Friday, October 14, 2005
Long story short: this is a free country. If you want to see the Matrix, then go watch the Matrix for Christ’s sake. If you want to watch Vin Diesel and Triple Z or whatever, then by God go out and rent Triple Z. But leave James Bond alone. The new film will be an adaptation of author Ian Fleming’s very first installation in the series, Casino Royale. Please don’t ruin a classic.
Thursday, October 13, 2005
This week's lock:
Bowling Green -23
Doug Weathers may not know how to spell Buffalo, but he could probably tell you that the Bulls are terrible. Through five games, Buffalo is averaging a mere 6 points per game. On the flip side, Bowling Green is one of the best offesive teams in the nation, racking up 43 points per game. You do the math. Bowling Green by 35.
Sunday, October 09, 2005
Thursday, October 06, 2005
This Week's Lock:
There was a huge bandwagon crash in Nashville last weekend as Vandy reverted to their old ways and blew an opportunity to open the season at 5-0 for the first time since the Swingin' Medallions started playing rap songs. LSU is still pissed about losing to Tennessee, even after drubbing Miss. St. last weekend. LSU by 24.
Tuesday, October 04, 2005
Friday, September 30, 2005
First of all, anyone that didn’t want their taxes cut can be my guest and send a personal check to the federal government in the amount of the difference they’re saved by the rate reductions. If you trust the government to spend your own money so wisely, go ahead and give your money back. Second of all, as a result of the rate reductions, which are giving people more incentives to save, work, and invest, federal revenues are higher than when Clinton left office. Third, entitlement spending on healthcare, welfare, and education has more than DOUBLED under Bush (source=www.omb.gov). Midway through Clinton’s term, the unemployment rate was 5.6% (September, ’95). Any guesses as to what it is right now in September of ‘05? 4.9% (source=bls.gov). So I’m confused, there’s more money in the treasury now, MUCH more of our tax dollars are going to the poor and to education, the black homeownership rate is at its highest level in history, the unemployment rate is lower than Clinton’s average, and yet "this is the worst economy since the Great Depression" - John Kerry, “George Bush hates black people” – Kanye West, and "Bill Clinton was the first black president” – Jesse Jackson. Is there any rationale for these kind of statements? Any actual real facts to back them up? Oh yeah, I forgot, there is one huge fact: George Bush has an “R” next to his name.
What else do black leaders want Bush to do?
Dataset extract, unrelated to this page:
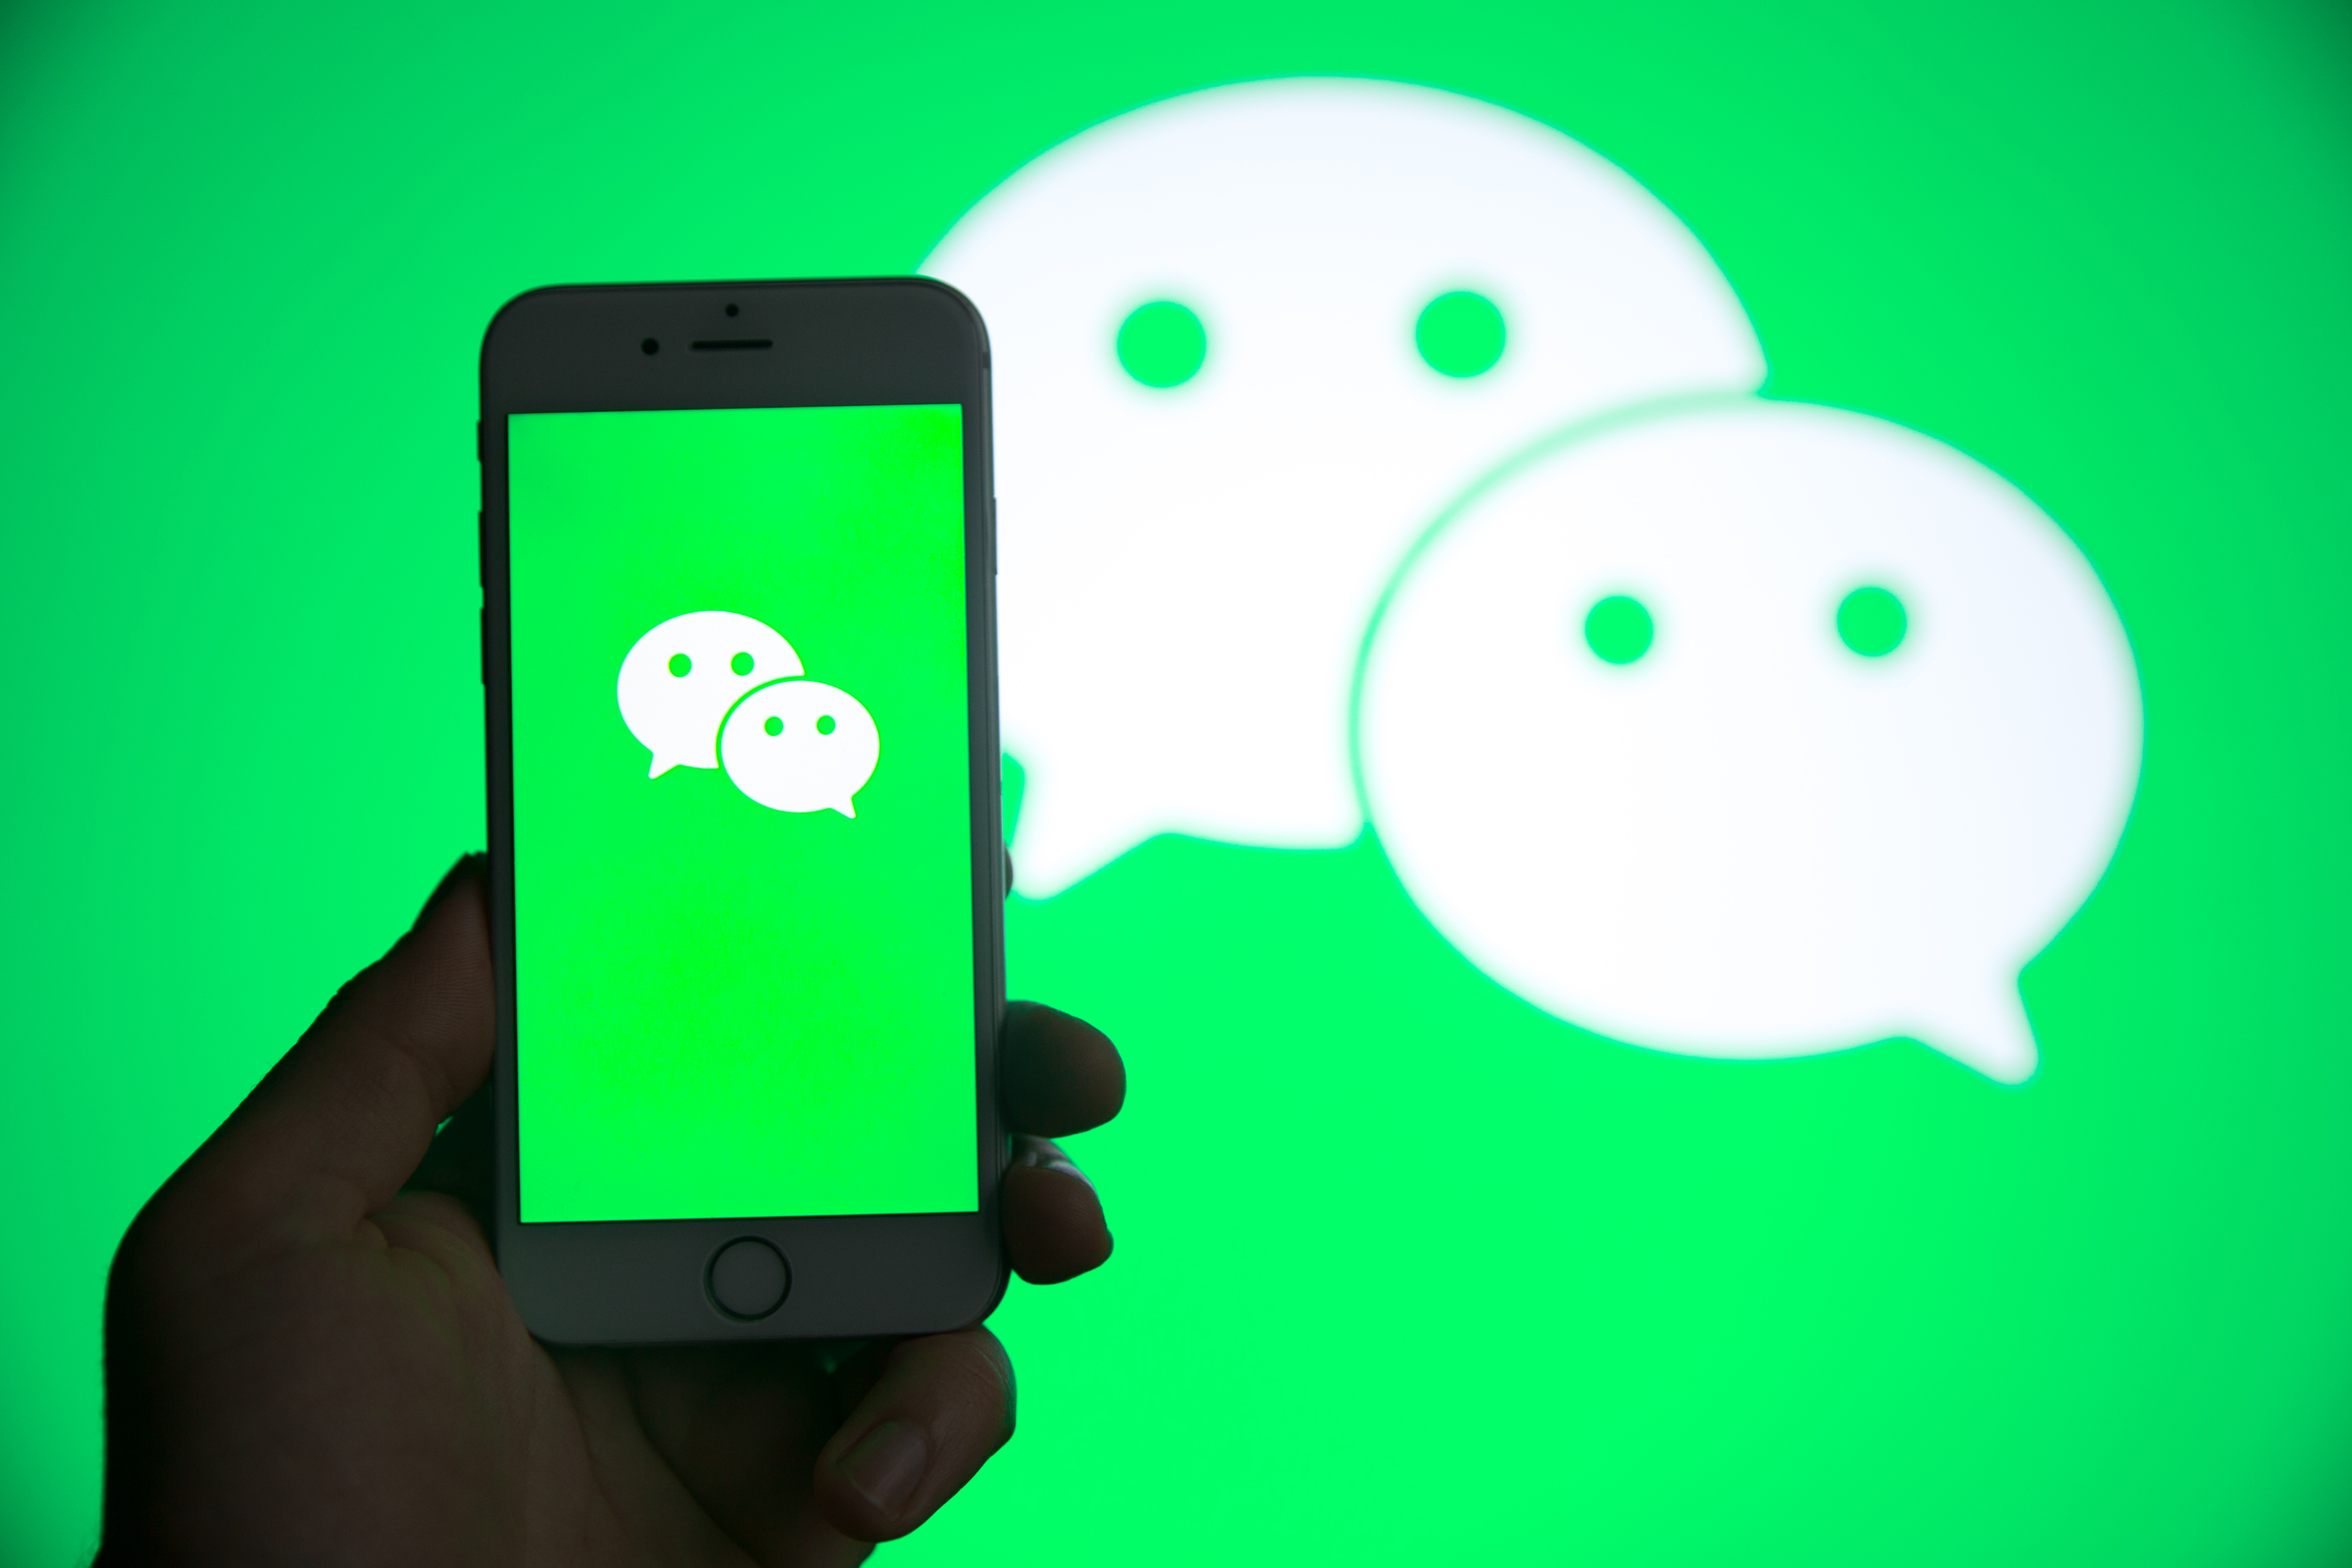 WeChat users in the US say a potential ban of the app would cut them off from friends and family in China

Do they want him to go to each black person's house in America individually, hug them and watch "Martin" with them? How many more dollars do they want us to throw at the problem?
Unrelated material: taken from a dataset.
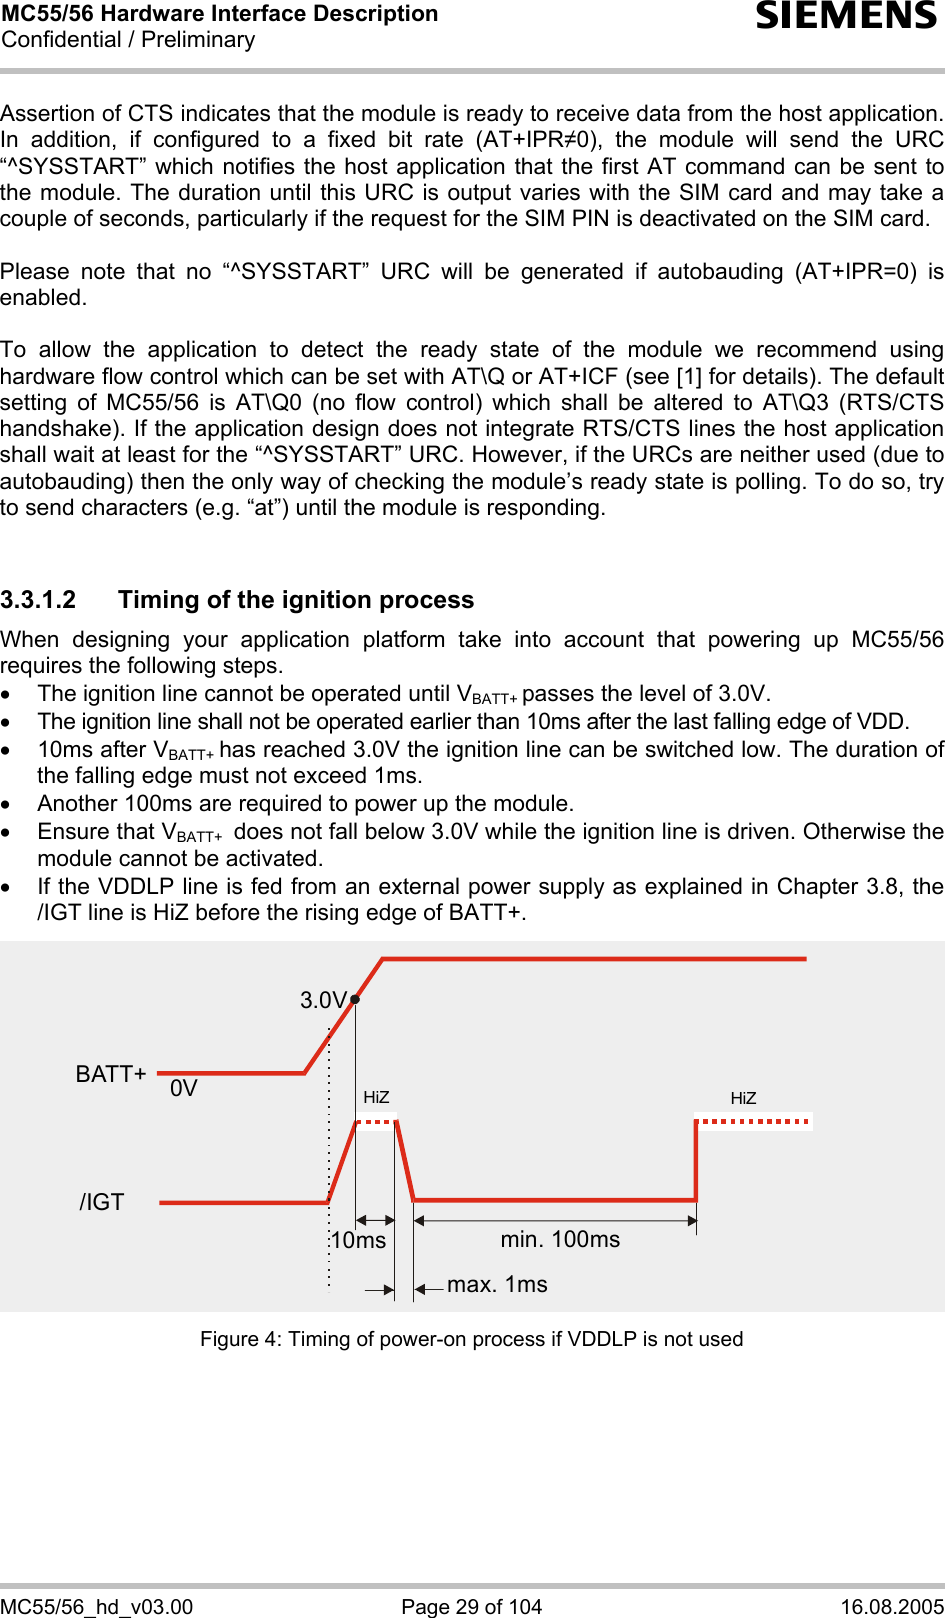 MC55/56 Hardware Interface Description Confidential / Preliminary s MC55/56_hd_v03.00  Page 29 of 104  16.08.2005 Assertion of CTS indicates that the module is ready to receive data from the host application. In addition, if configured to a fixed bit rate (AT+IPR0), the module will send the URC “^SYSSTART” which notifies the host application that the first AT command can be sent to the module. The duration until this URC is output varies with the SIM card and may take a couple of seconds, particularly if the request for the SIM PIN is deactivated on the SIM card.   Please note that no “^SYSSTART” URC will be generated if autobauding (AT+IPR=0) is enabled.   To allow the application to detect the ready state of the module we recommend using hardware flow control which can be set with AT\Q or AT+ICF (see [1] for details). The default setting of MC55/56 is AT\Q0 (no flow control) which shall be altered to AT\Q3 (RTS/CTS handshake). If the application design does not integrate RTS/CTS lines the host application shall wait at least for the “^SYSSTART” URC. However, if the URCs are neither used (due to autobauding) then the only way of checking the module’s ready state is polling. To do so, try to send characters (e.g. “at”) until the module is responding.  3.3.1.2  Timing of the ignition process When designing your application platform take into account that powering up MC55/56 requires the following steps. •  The ignition line cannot be operated until VBATT+ passes the level of 3.0V. •  The ignition line shall not be operated earlier than 10ms after the last falling edge of VDD. •  10ms after VBATT+ has reached 3.0V the ignition line can be switched low. The duration of the falling edge must not exceed 1ms. •  Another 100ms are required to power up the module.  •  Ensure that VBATT+  does not fall below 3.0V while the ignition line is driven. Otherwise the module cannot be activated.  •  If the VDDLP line is fed from an external power supply as explained in Chapter 3.8, the /IGT line is HiZ before the rising edge of BATT+. Figure 4: Timing of power-on process if VDDLP is not used  3.0V0VBATT+min. 100msmax. 1ms10ms/IGTHiZHiZ

Again, I'm no Bush cheerleader. There's a lot he's done that I disagree with (particularly the out of control spending, most recently illustrated by an FDR-like response to Katrina). But next time you see an Eminem video or hear John Kerry on CNN, remember that these people probably have no understanding of supply-side economics.
Thursday, September 29, 2005
St. Paul's Lutheran School -8
Blessed Sacrament School
Don't expect the Lutherans to be as fiery as they were when the 95 Theses were nailed to Wittenburg Cathedral some years ago. This new program has yet to prove itself.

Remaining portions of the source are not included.